Clive Brocklehurst and his wife no longer shared a bed, but they shared everything else in their lives and had done so for more than thirty happy years. It was only after Laura’s second, and more serious, attack of asthma that Clive had retreated to the dressing room.
On that morning in early October Laura had been lying awake for some minutes when she heard her husband getting out of bed and leaving the dressing room by the far door. Her sleepy mind registered two things. First, that it was unusually early for him to be stirring. Being the senior partner in the firm of Brocklehurst and Garigan, Accountants of London Wall, he normally got up for a leisurely breakfast at eight o’clock and was rarely out of the house before nine.
The second thought was that he had left his room so quickly that he could not have had time to do more than throw on his clothes. Usually he was a careful and meticulous dresser. Then she heard the front door of the house opening and shutting softly. Some minutes passed. Where could he be going? She remembered that on one occasion, when she had forgotten to replenish her asthma medicine, he had slipped out to the chemist in the village, who lived over his shop, and had extracted a new bottle from him. That was the sort of thing he did for her.
Then she heard the car starting up.
After listening for a few minutes she got out of bed, put on dressing gown and slippers, went downstairs and out into the garden.
The car seemed to have been running for a long time. As she approached she could hear the engine thudding away.

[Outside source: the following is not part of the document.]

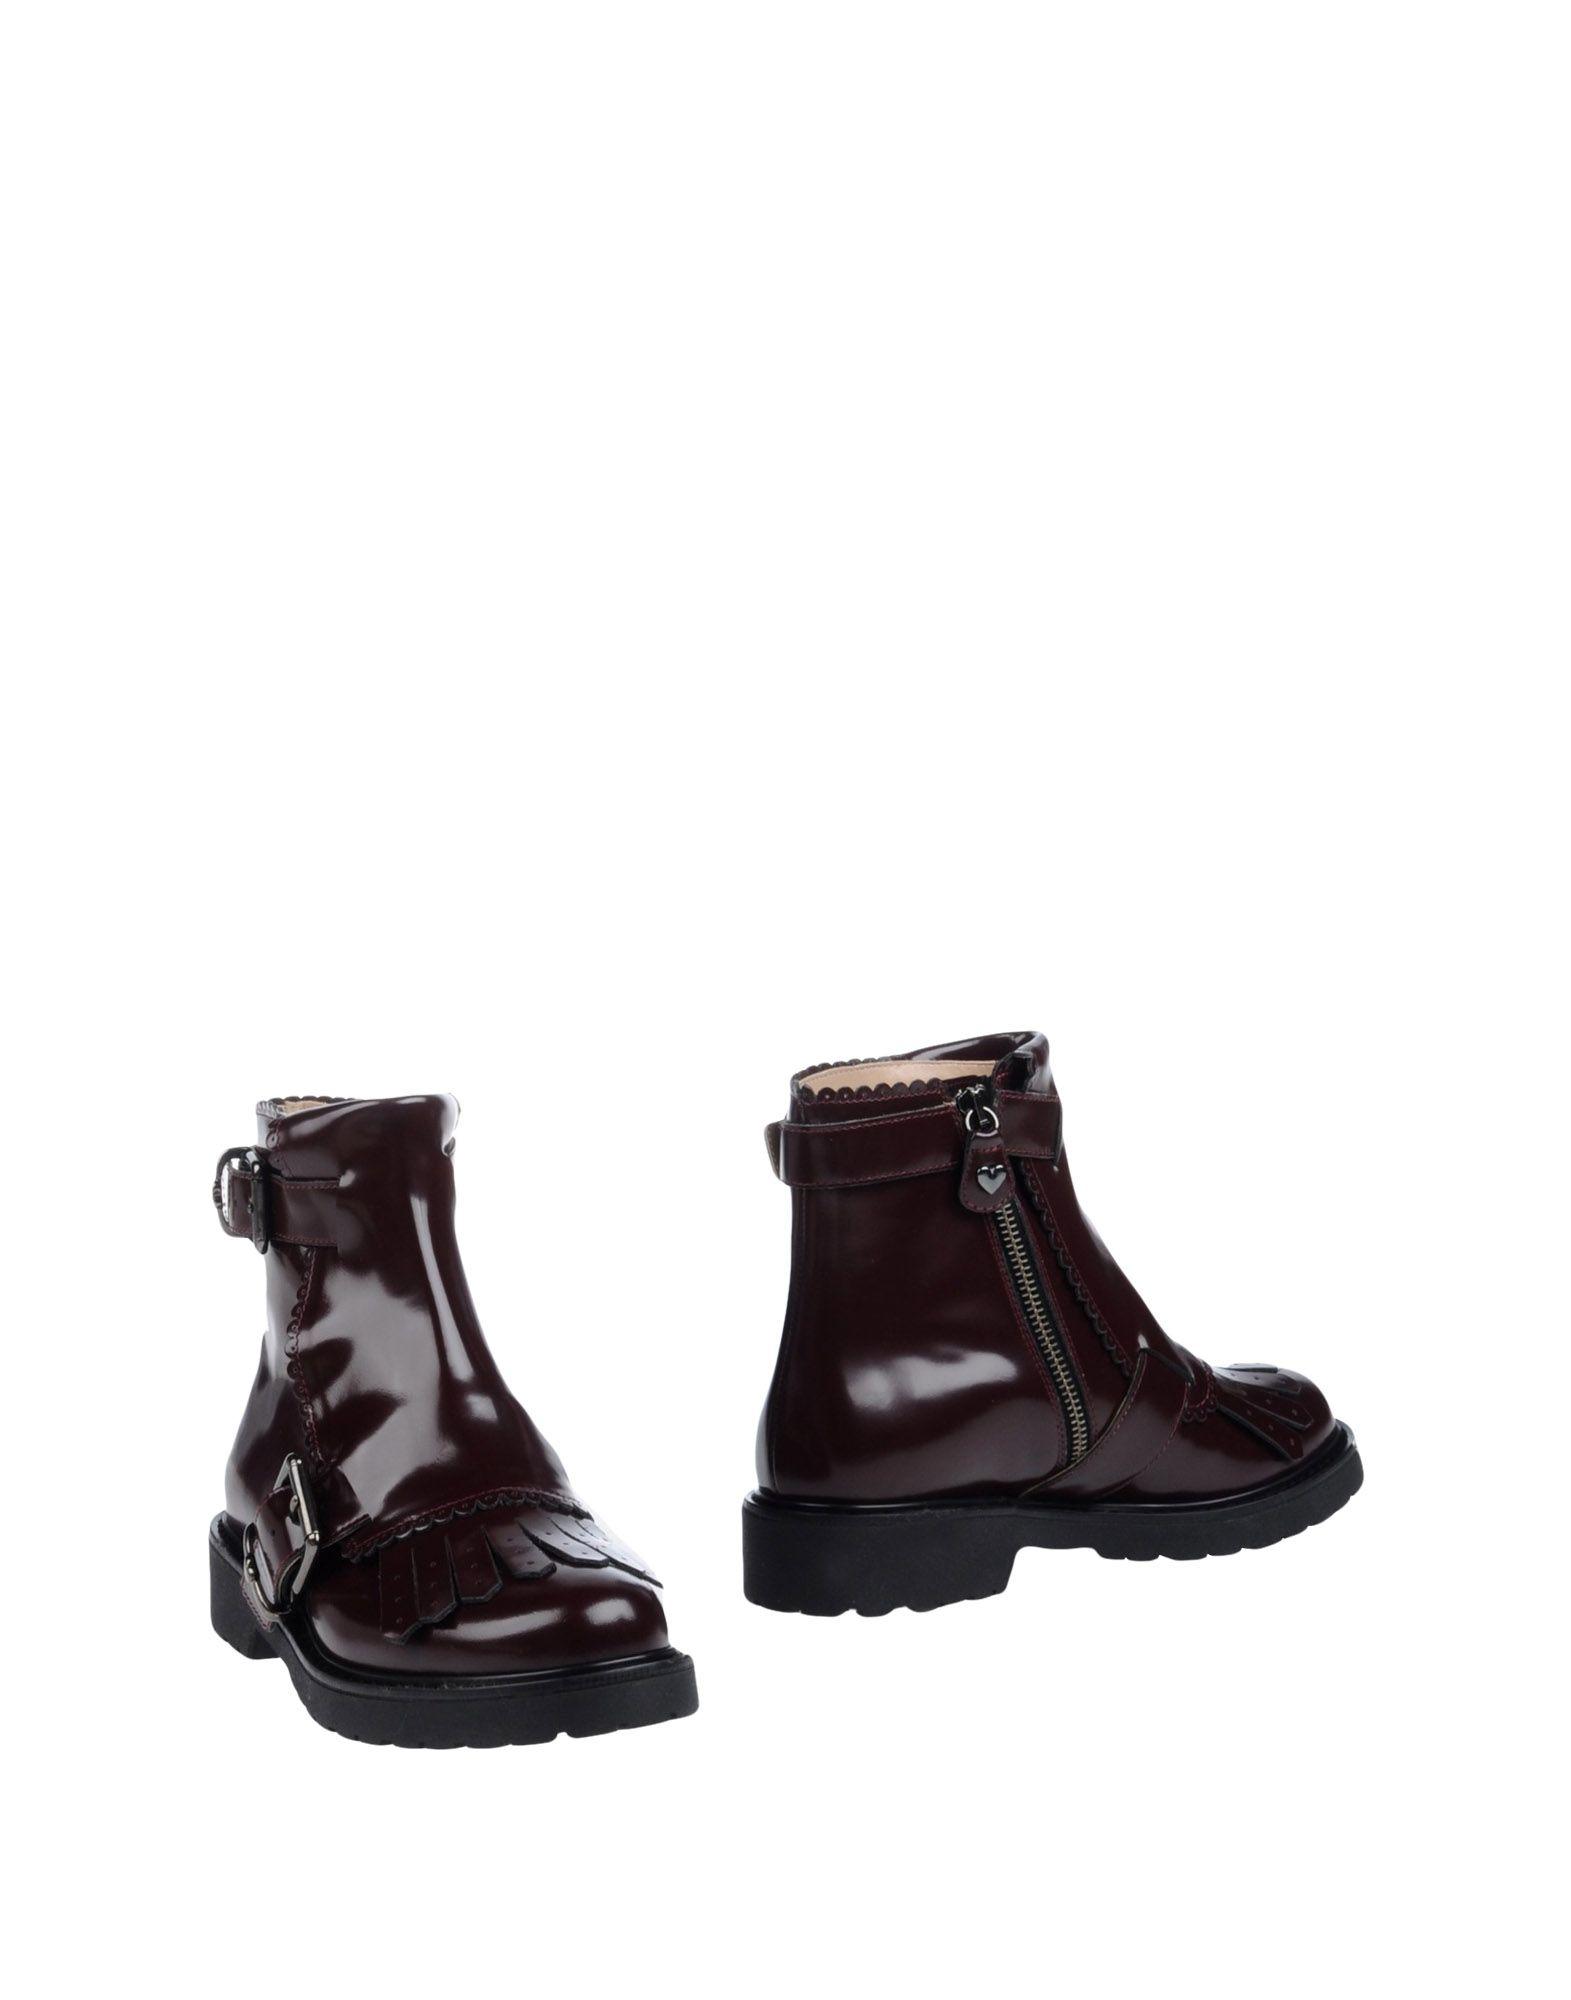 Haltbare Schuhe Mode billige Schuhe Haltbare Twin 11245724SJ Beliebte Schuhe d09e5f
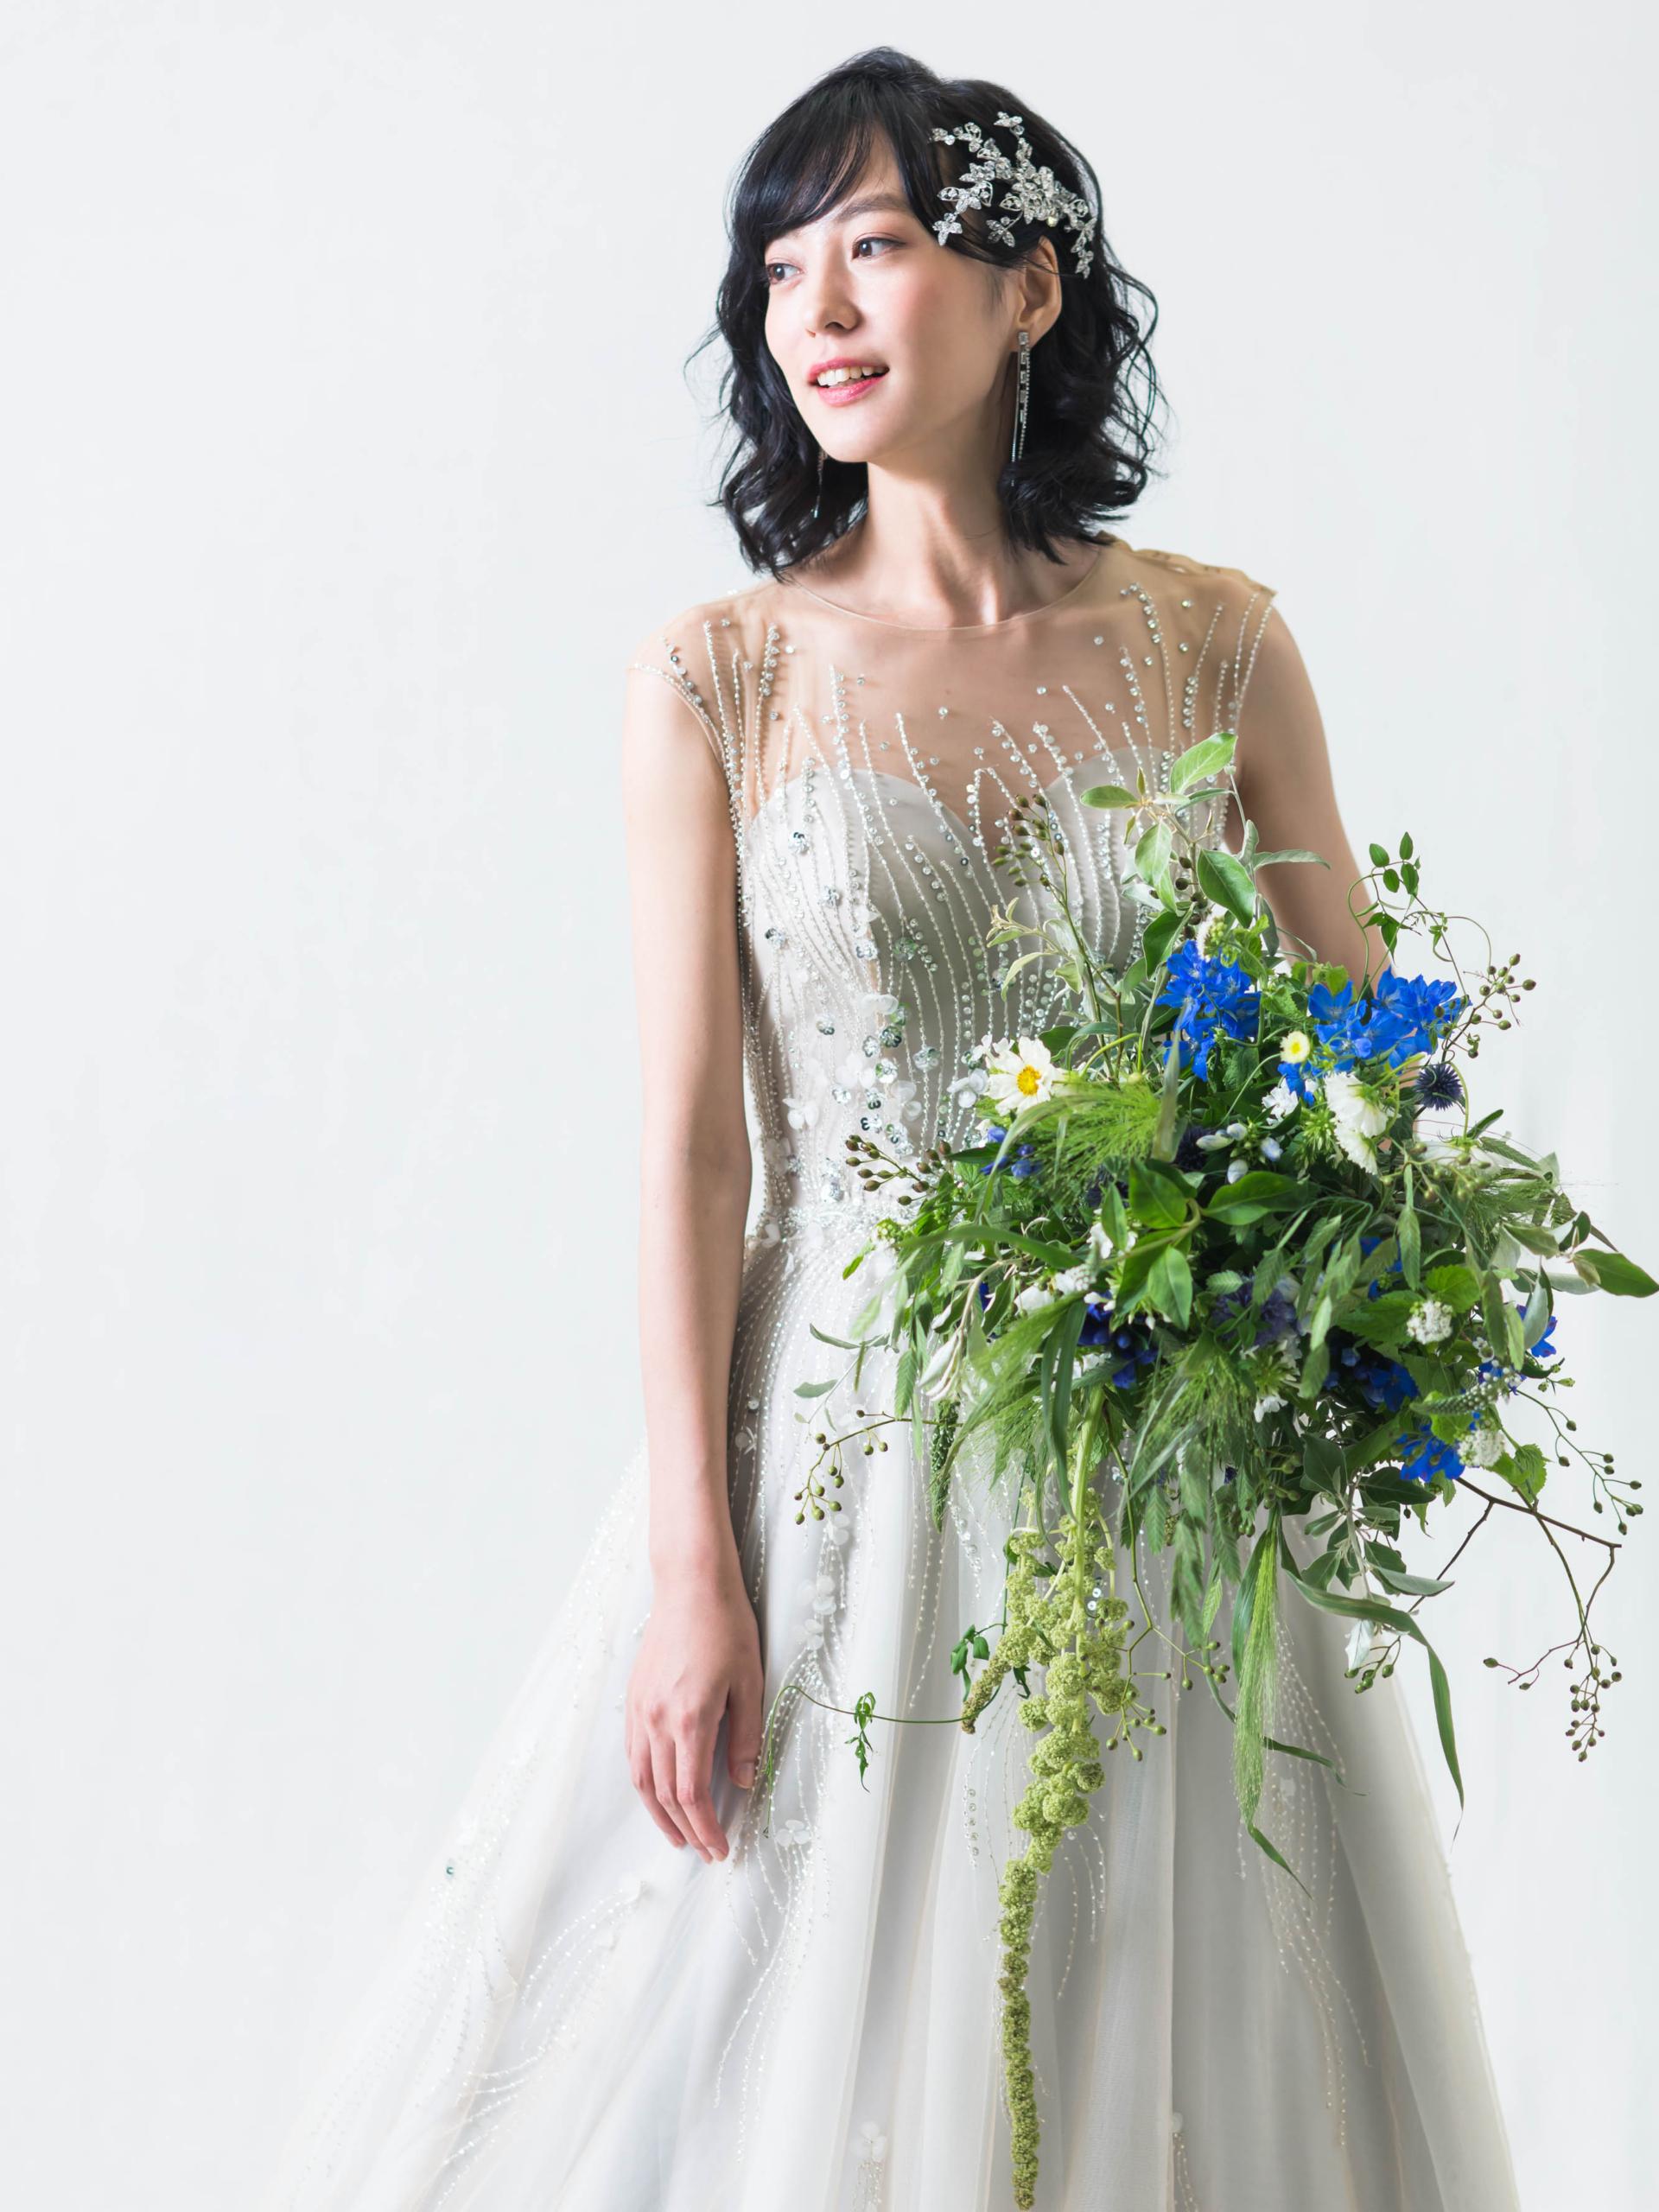 Summer bridal bouquet 夏のウェディングブーケ

When she tried to open the garage door she found that it was not only shut, but seemed to have been bolted on the inside. She wasted a few minutes clawing at it. Then turned, ran back to the house and grabbed the telephone.
The local policeman — there was only one in the village — had been out most of the night before watching for poachers, but the panic in her voice ultimately stirred him into action.
“Come quickly, please.”
“Sounds as if the door’s jammed. If it is, I’ll have to bring tools to break it down.”